Main finding: Cosine similarity alone is not a great proxy for late layers, as residual stream norms increase. The authors propose parameter folding, which effectively addresses this problem for JumpReLU SAEs. Current work relies on cosine similarity, and I am convinced the field should adopt this proposed technique.

缺点

Critiques that can be addressed in this paper

  • I am unsure whether the original hypothesis of permutation is answered. The term "matching" implies a binary measure of whether a feature mapping is true or false. This might require the introduction of a cutoff threshold, or applying a clustering technique. Otherwise, the framing of similarity measures might be clearer than permutation. I'm curious about the authors' opinion on whether there is a binary criterion for whether features do/don't match.
  • To quantify the fraction of "true matches," the MSE over all features is too coarse; only the matching score distribution provides a clear picture of which fraction of features are "well enough" matches.
  • Line 315: "...unfolded matching showed higher MSE in the scale of hidden state representations, supporting behaviour described with Hypothesis 2." Comment: This is not true for benc MSE.
  • I'm unsure about the statistical significance of the LLM evaluation. I understand that 100 out of 16k (<0.1%) SAE latents (aka features) were chosen. Did the authors choose these features at random? Increasing the number of SAE features would increase the significance of their findings. Using an LLM to judge the coherence of max activating examples of features would be an insightful additional metric that would track the suspected polysemanticity in early layers.
  • I do not agree that Figure 7 right reflects the findings in Figure 7 left, where the matching score suddenly increases at layer 10.
  • The quantification of "too far apart" in Hypothesis 3 would be a useful improvement.
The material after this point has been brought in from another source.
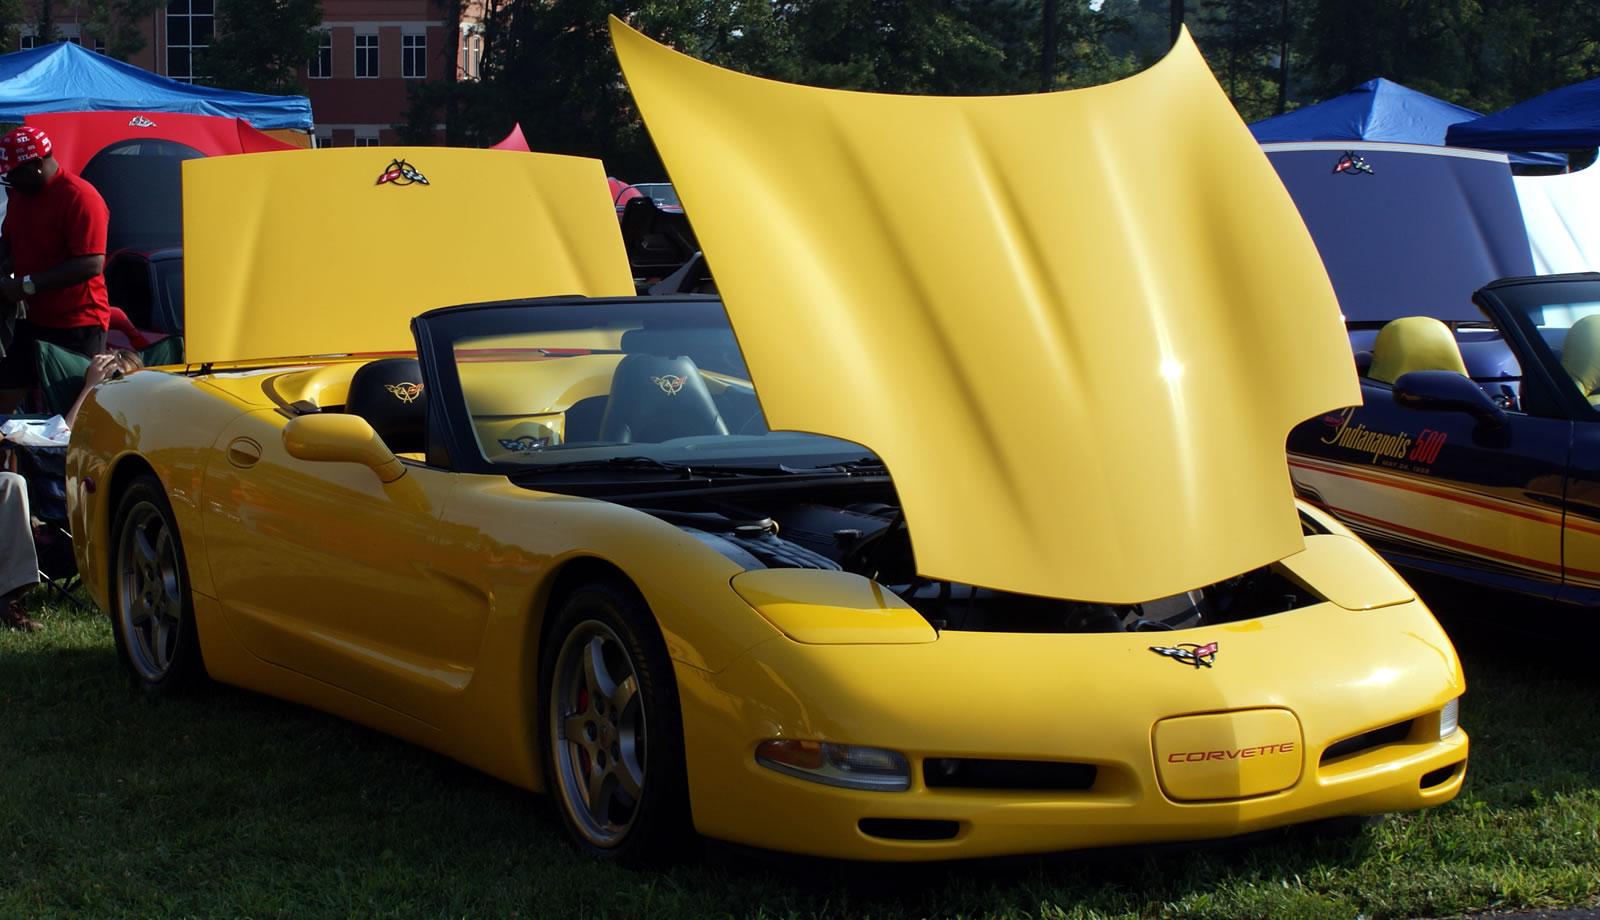 c5 f s 2000 millenium yellow convertible 6 speed corvette international. Black Bedroom Furniture Sets. Home Design Ideas
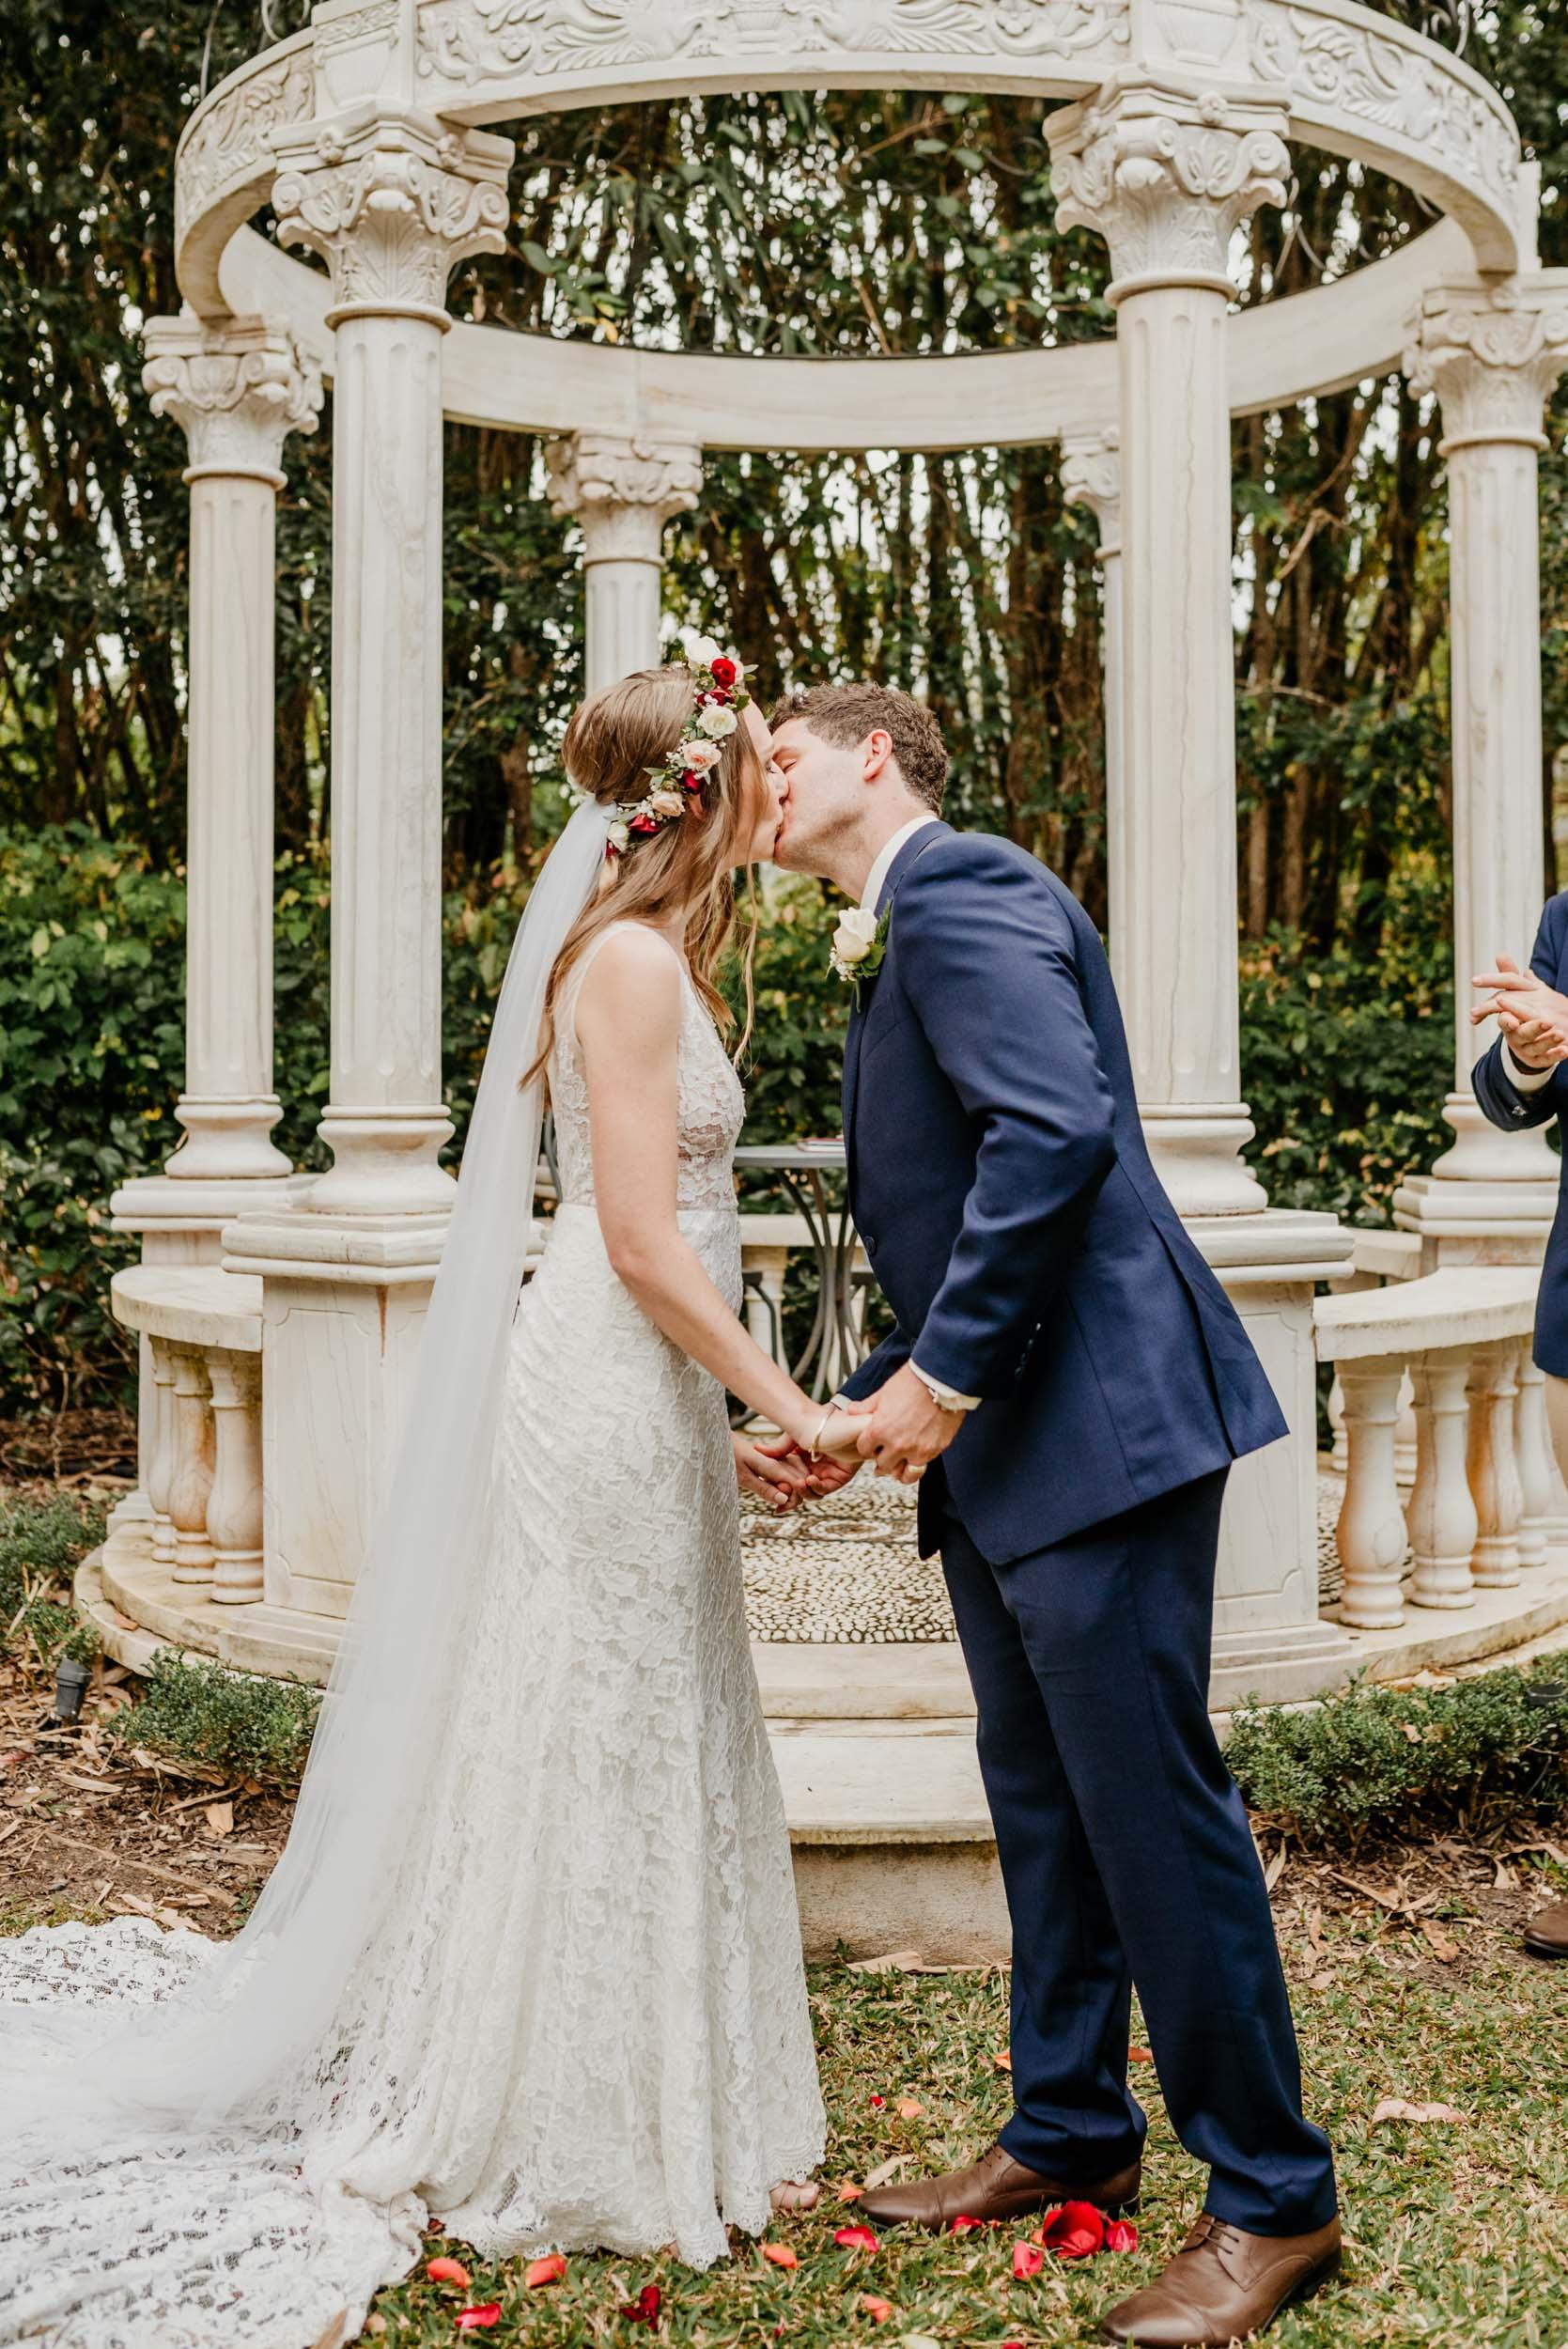 The Raw Photographer - Cairns Wedding Photographer - Laloli - Cairns Garden Ceremony - Cane Fields Photo Shoot-42.jpg

Further suggestions (that can be addressed in future work)

How does the mechanistic permutability transfer to other SAE architectures? The only difference will be adapting scaling factors defined in Equation 4. It would be great to provide a generalized definition of parameter folding for all SAE architectures.

问题

Questions

  • I'm curious about the takeaways of the experimental results from Section 5. How do I interpret a scale of ∆L about 1? Do the authors believe their results indicate that layers between 10 and 20 can be collectively pruned with the SAE matching method?
  • I'd be interested in a discussion of why encoder matching performs worse than decoder matching.

Further notes

  • Line 154: Repetition of meaning in two following sentences.
  • Why is Hypothesis 2 formatted as a hypothesis? It seems like a definition of a method to me.
  • Line 234: Calling "average ℓ0" a regularization coefficient is misleading; calling it (average) sparsity is clearer.
  • Line 235: Do the authors refer to Equation 3 when mentioning MSE? A reference of that equation or a different naming would be useful, since MSE is often used for the reconstruction loss in the context of SAEs. I- 'm very curious how these results compare to findings with crosscoders (https://transformer-circuits.pub/2024/crosscoders/index.html). Matched features might share decoder vectors of a single crosscoder feature.
  • Section 5.3: Gurnee operates on MLP neurons, which are not incentivized to be sparse. I expect SAE features to be (more) monosemantic, so Gurnee's results ideally shouldn't apply to SAE features.
  • I'd be curious about a deeper investigation of the sharp increase in semantic feature similarity in Figure 4 left.
评论

Thank you for your valuable review and for highlighting the importance of our proposed method.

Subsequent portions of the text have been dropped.